You're in a challenge situation, true.

Maybe less talk, just actions, and count on her to say if she wants more talk or apologies from you.

It's likely she won't. Less talk is likely desired by her.

She gets enough talk at work.


----------



## She'sStillGotIt (Jul 30, 2016)

aaarghdub said:


> We have two kids and she’s a therapist with anxiety, fear and intimacy issues which means I’ve been getting emotional leftovers for years now. And it’s like I have to be on-call emotionally 24/7 for the few windows she can focus on us.


Damn. It's like the nuts are running the asylum. She actually has paying patients who depend on her 'wisdom?' Doctor, heal thyself. Egad.

It's no secret I have a low opinion of therapists so I'm not surprised to hear this. Maybe you should have her go to a shrink - hopefully not a disordered one?
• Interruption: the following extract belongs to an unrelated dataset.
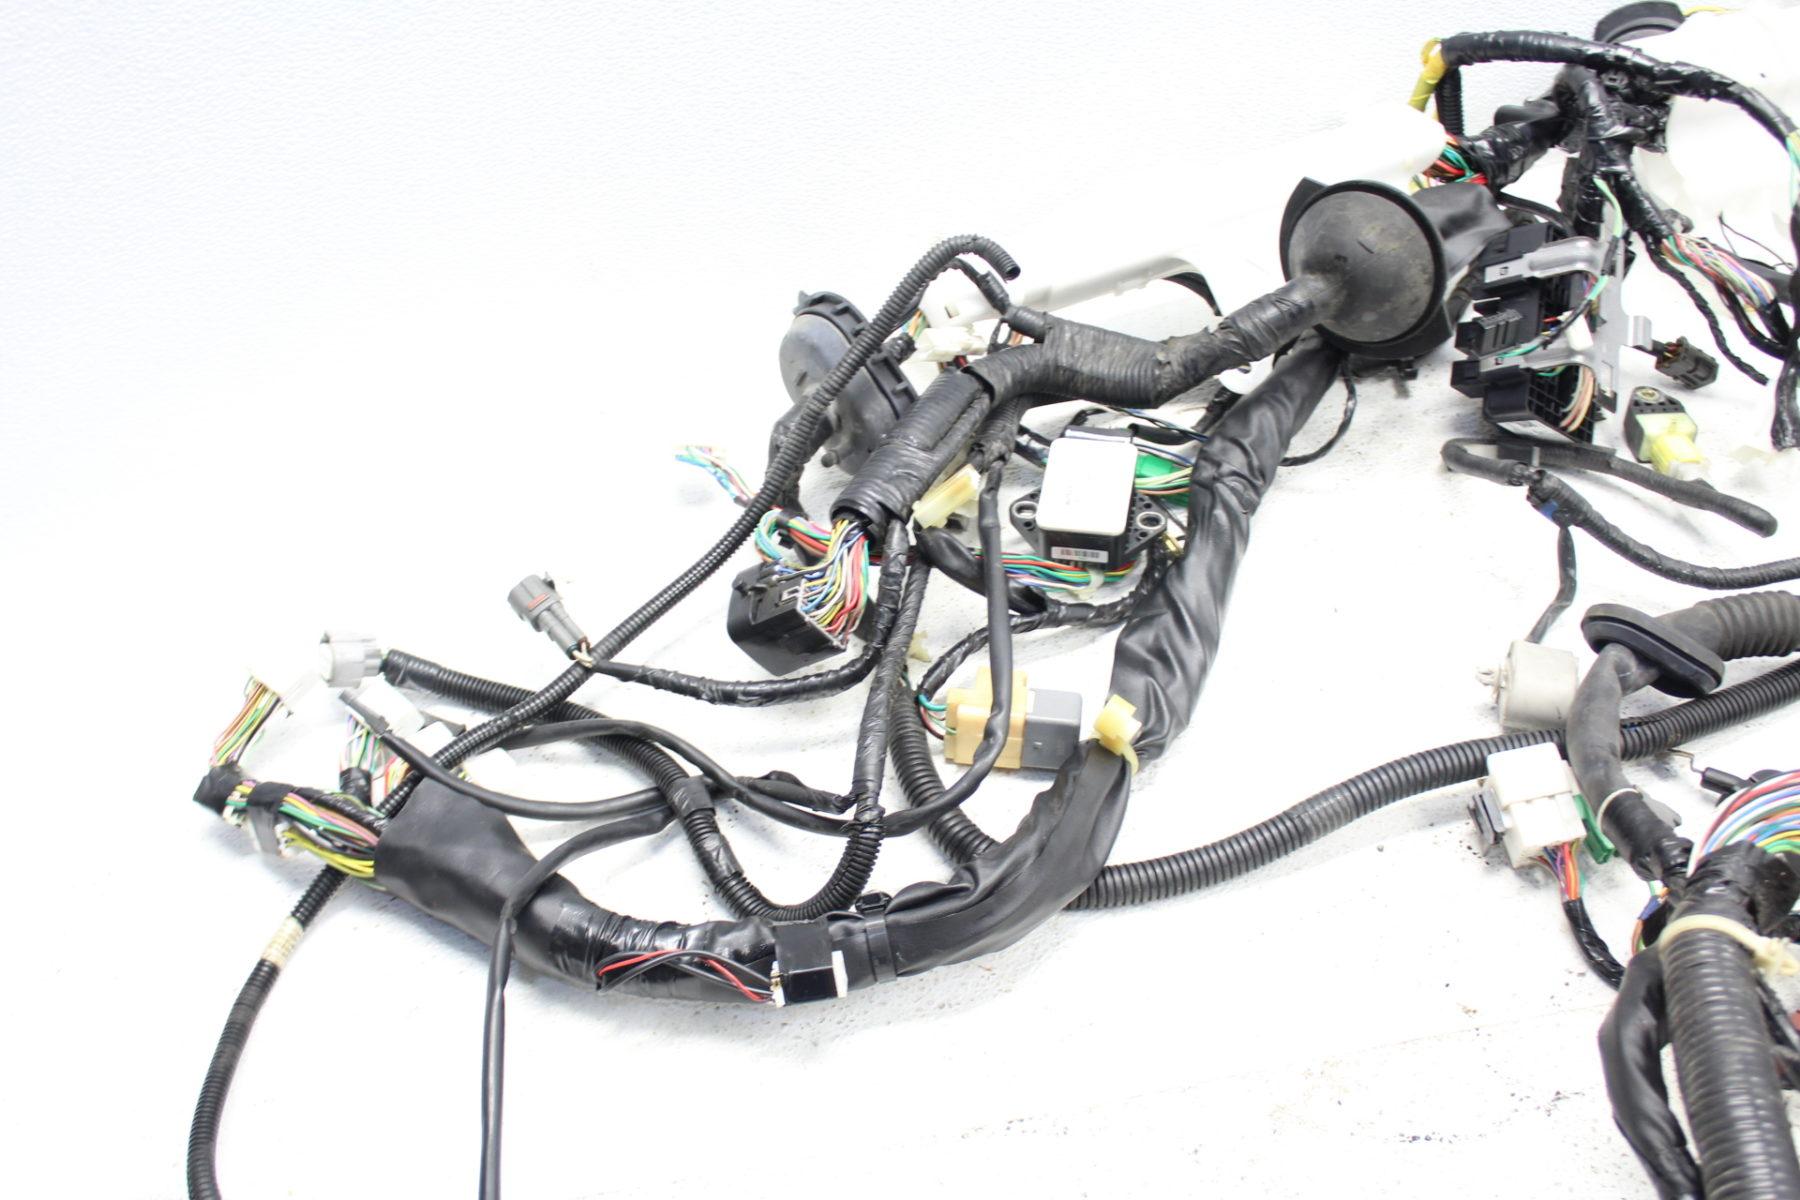 06 sti wiring harness
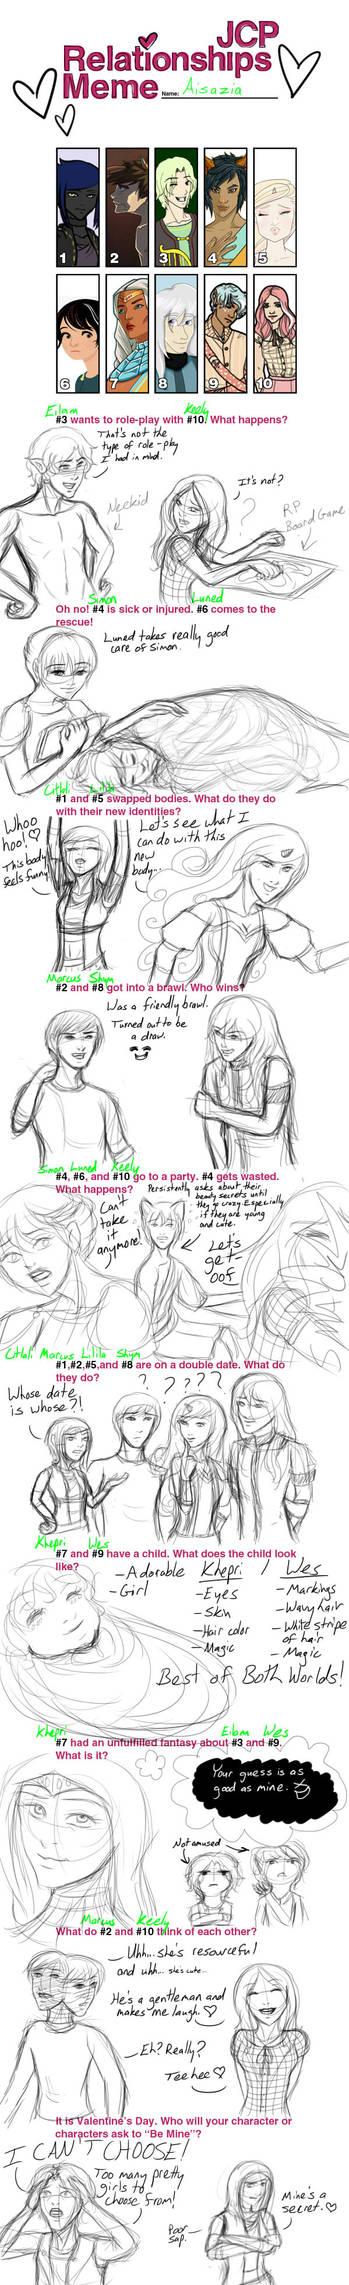 JCP: Valentine's Meme 2012

You can't win with her.


----------



## Sfort (Sep 28, 2019)

You're in a chicken-and-egg situation. Try being more playful with no hidden motive, such as sex. I discovered that my wife isn't as playful with me because I'm not a lot of fun to be around. That's 100% my fault. I'm trying to be better, but it takes time, commitment, and work. I'm not a very happy-go-lucky person, but I do have the ability to be a lot of fun when the mood hits me.

Also, when she pulls the therapist crap, I'd say to her, "I'm your husband, not your patient. Please take off your therapist hat when we're interacting."


----------



## Yeswecan (Jul 25, 2014)

Even therapists need therapy.


----------



## minimalME (Jan 3, 2012)

My mom was a psychotherapist, and it really pisses me off that she was allowed to earn a degree messing with the minds of other people. But I digress...



She'sStillGotIt said:


> Damn. It's like the nuts are running the asylum. She actually has paying patients who depend on her 'wisdom?' Doctor, heal thyself. Egad.
> 
> It's no secret I have a low opinion of therapists so I'm not surprised to hear this. Maybe you should have her go to a shrink - hopefully not a disordered one? You can't win with her.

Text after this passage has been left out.